Leddy, who owns the stock, said the trial may deal the stock a glancing blow. But she said customers who bought nearly $200 million worth of the company's products at its peak are buying their own lifestyle, not Stewart's. They'll continue to do so, whether or not Stewart is convicted, she said.
Missing: Martha
Meanwhile, management has been rebuilding the franchise by weaning customers off Martha.
Morningstar's MacKay -- who estimates the company is worth at least $7 a share with or without Her Highness -- noted the company has developed new products and tweaked existing ones to "distance the company" from Stewart.
"This is not a fly-by-night company," he said. "The wheels are in motion on all sorts of projects."
The company wouldn't say whether its strategy was designed to differentiate company from founder.
But it noted it has $175 million in cash and plans to continue investing in "both new products and brand label extensions."
"The attitude at MSO remains business as usual, morale is good and the mood is one of pride in our product quality, the strength of our brand labels and the continued achievements of the company under challenging times," President Sharon Patrick said in a statement.
Analysts said the launch of a new publication, Everyday Food, and the TV show "Pet Keeping" prove that management is pursuing a Martha-less, or at least a Martha Light, future. The magazine has Stewart's name on it, but only in the fine print. The pet show has no Martha branding.
For a closer look at Martha's empire, click here
Current management, led by president Sharon Patrick, wins high marks for guiding the company through the twin crises of Stewart's indictment and the recession.

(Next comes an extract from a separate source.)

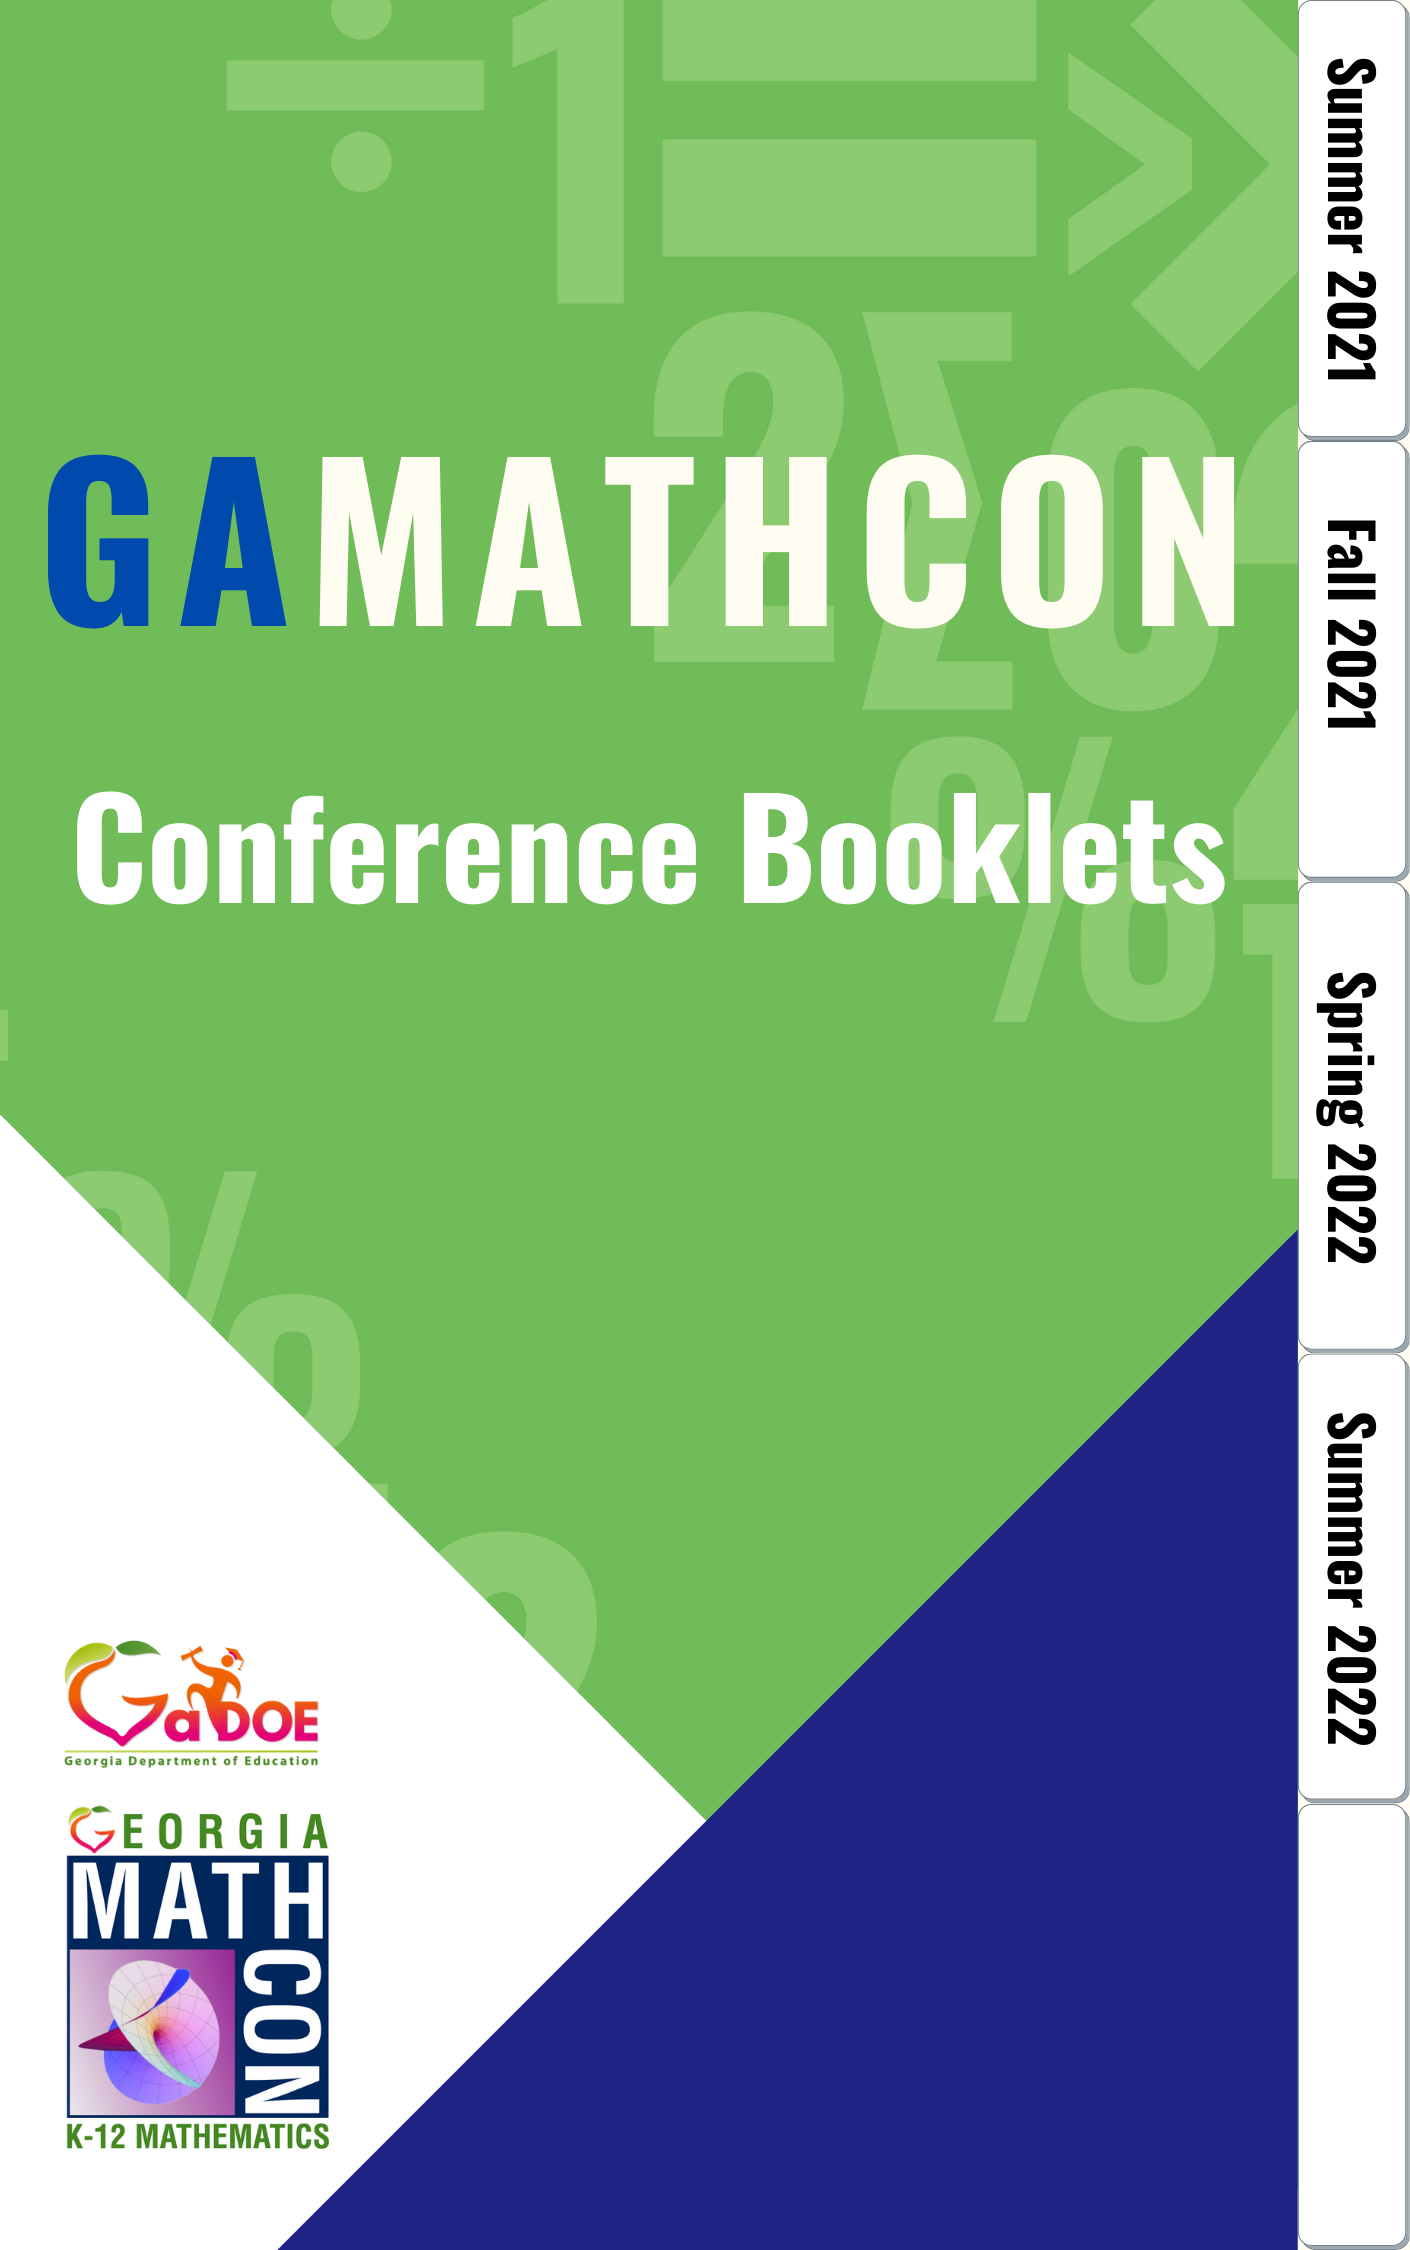 Conference Booklet (1).png

Even bearish analyst Alissa Goldwasser of William Blair & Co. gives the company a fighting chance if Stewart gets hard time. She rates the stock "underperform," citing the trial.
But "the outcome of the trial will not necessarily determine how viable MSLO's publishing division will be in the future," she wrote in a recent report.
"A negative outcome involving incarceration would undoubtedly make a comeback for publishing more difficult. However, a successful rebranding initiative could breathe new life into the flagship magazine and lure back reluctant readers and skittish advertisers."
Still, problems remain.
Management said in November it cut circulation estimates for its flagship publication to 1.8 million from 2.3 million, a 21 percent drop. The news came as the company was reporting a third-quarter loss of 8 cents a share, handing investors their third red-soaked quarter in the last four.
And management's bearish guidance for upcoming quarters suggests the worst isn't over yet.
The rebranding of a company so closely associated with one person will take time and finesse, those watching the company say. But until Stewart's trial is wrapped up, the jury will remain out on the verdict's impact on her media empire.